6- Addition of aminoguanidine to either insulin or metformin did not produce any additional effect on all measured parameters in comparison with the sole treatment with each of them. However, this addition resulted in significant elevation of serum liver enzymes which may indicates liver toxicity of aminoguanidine.
Conclusion:
1- Glycosylated hemoglobin and consequently advanced glycation end-products, which lead to oxidative stress, resulted in impairment of NO and so affecting vascular function in patients with IDDM.
2- Treatment with aminoguanidine, non-hypoglycemic agent, was effective in improving endothelial dysfunction. However, it did not restore endothelial integrity to its normal conditions.
3- All treatments with aminoguanidine resulted in severe elevation of serum liver enzymes, which may indicate its liver toxicity. Thus, clinical trials on diabetic patients are required to evaluate the efficacy and safety of aminoguanidine especially on liver function.

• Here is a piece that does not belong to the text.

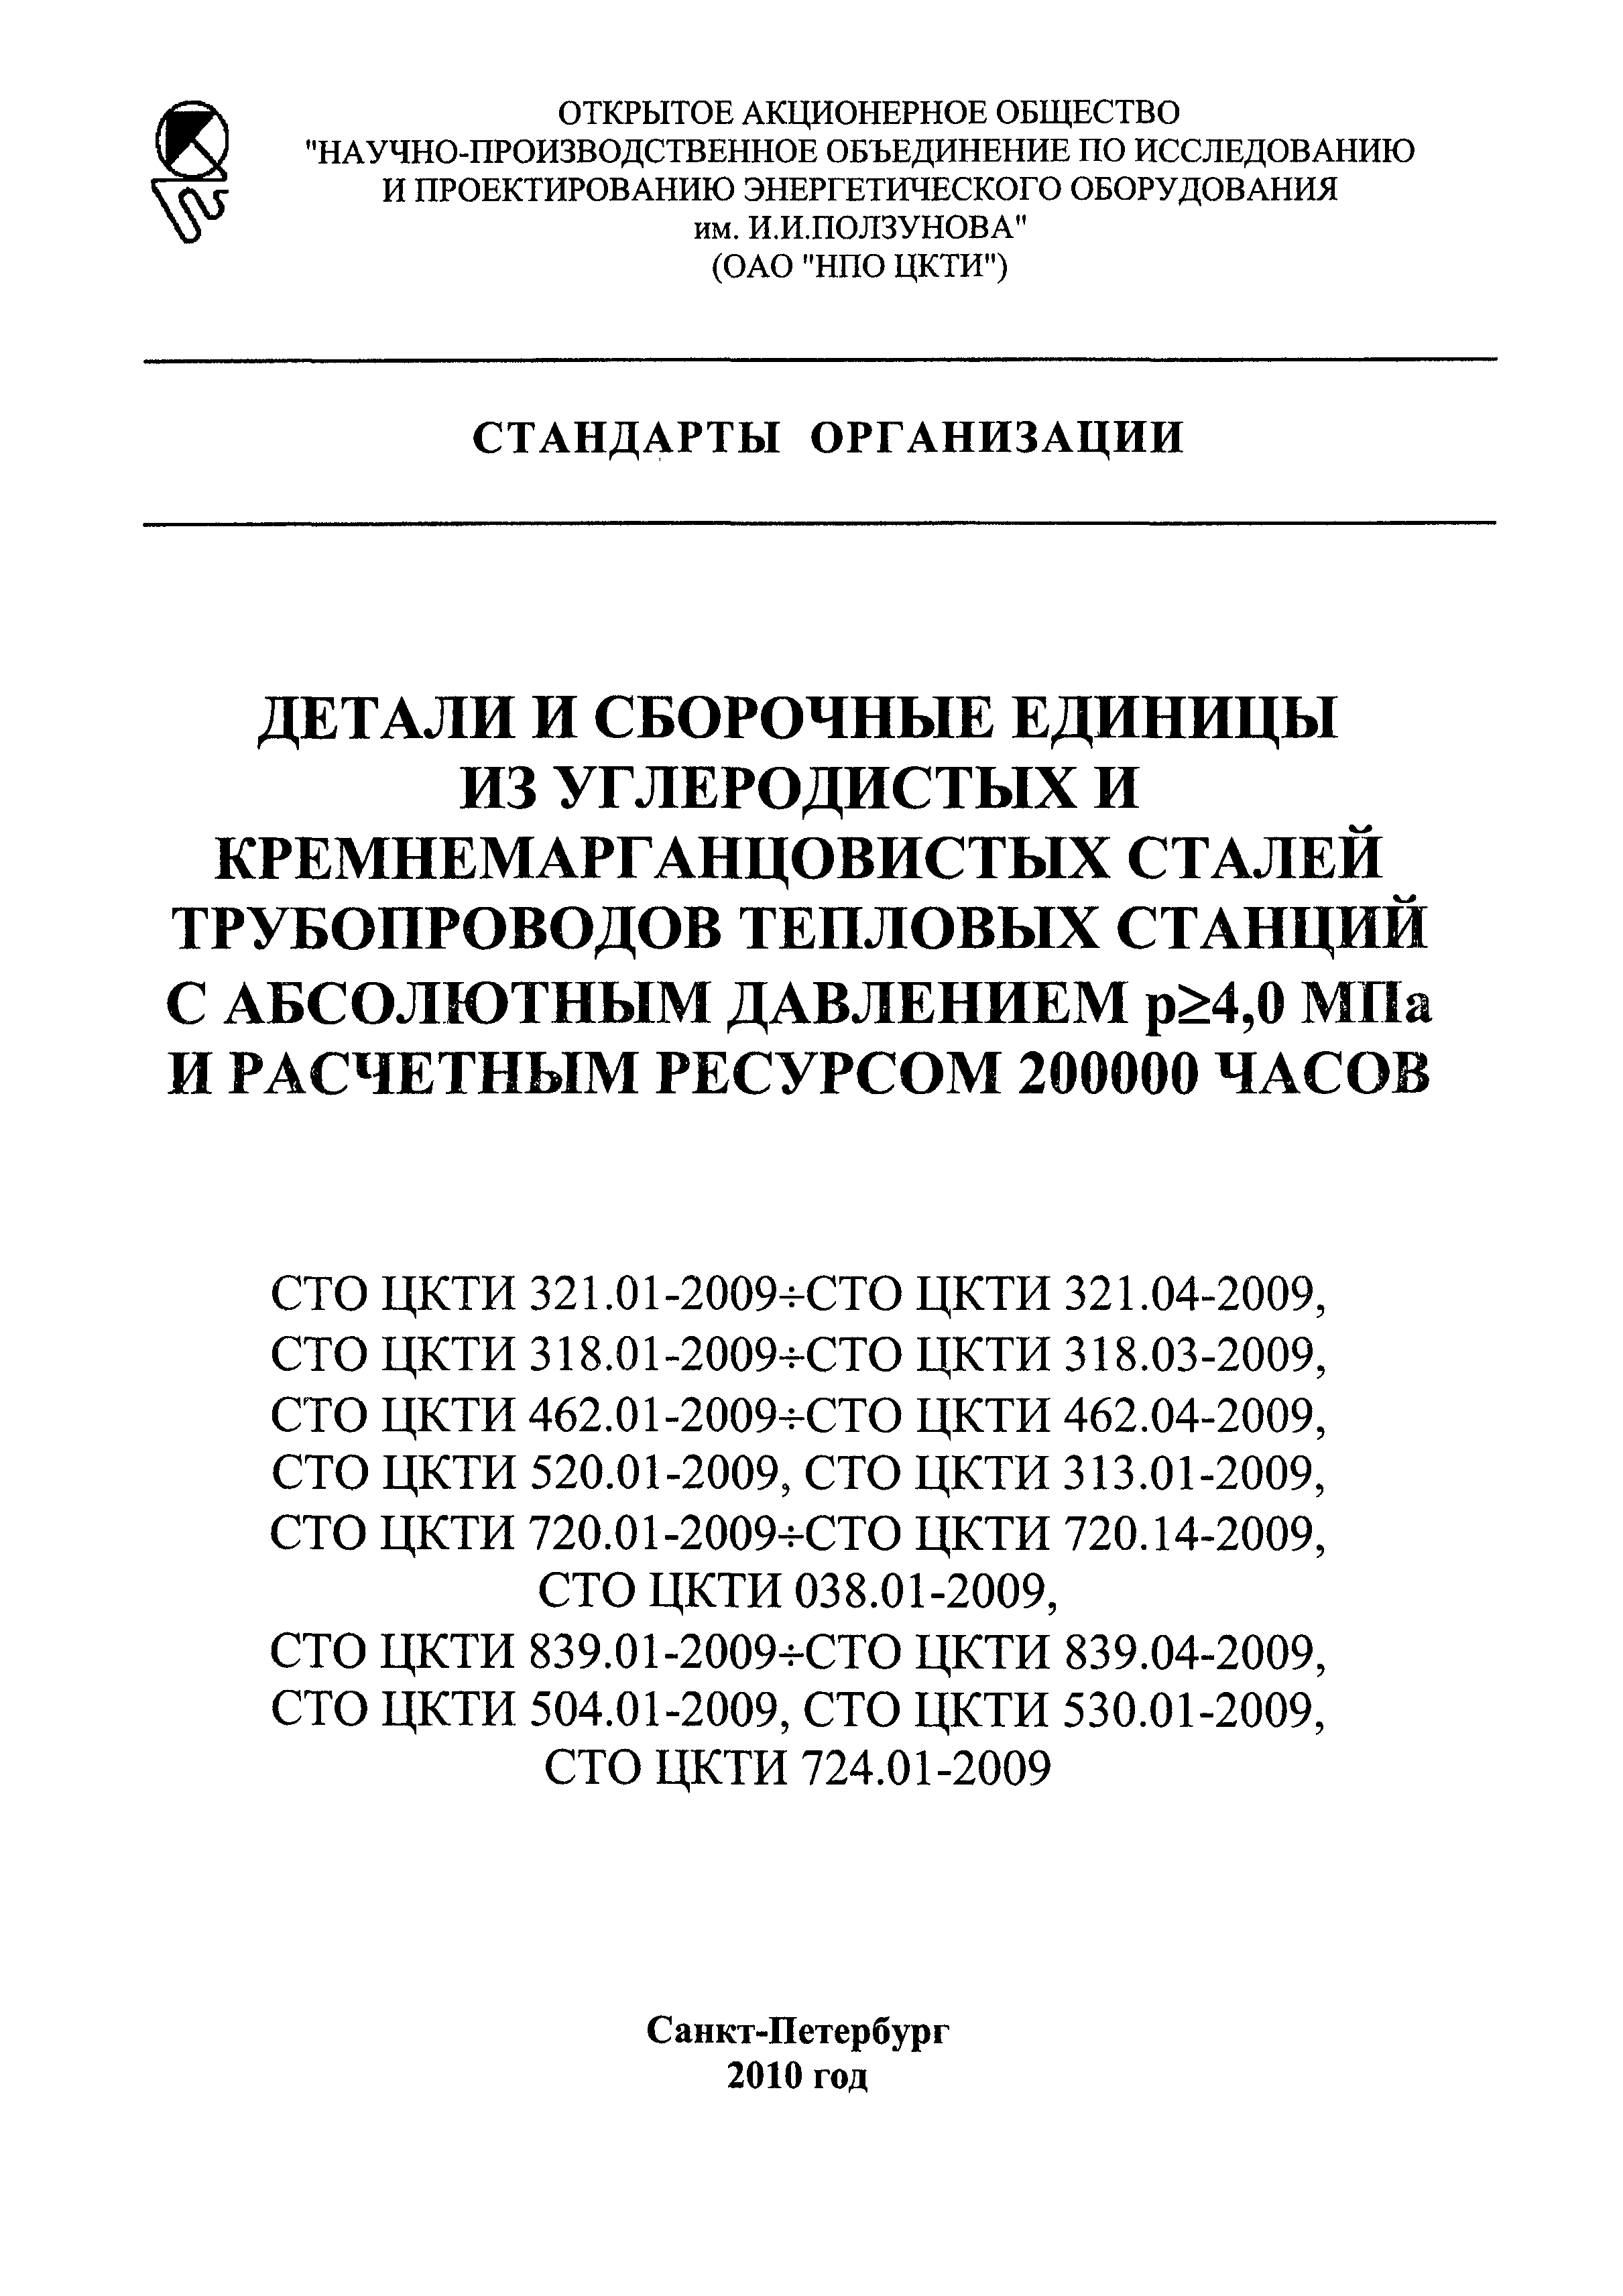 СТО ЦКТИ 462.01-2009

4- Although aminoguanidine alone resulted in partial improvement of endothelial function, which may be due to its inhibition of AGEs, its addition to either insulin or metformin did not produce any additional advantage in reduction of endothelial dysfunction.
5- High dose of metformin did not produce significant decrease on serum creatinine levels, which may be a result of its partial improvement of the metabolic control or due to an intrinsic effect of metformin. So, it is suggested to avoid the treatment with high doses of metformin especially with patients already have some elevation of serum creatinine (not exceed 1.3 and 1.5 mg/dl in men and women respectively).
6- Metformin is suggested to be used primarily to increase the sensitivity to insulin and ensuring complete reduction of glycemia to normal levels. This can be done by using a low dose of both metformin and insulin avoiding the effect of high doses of both metformin on kidney and also the hypoglycemic episodes and weight gain effect of insulin.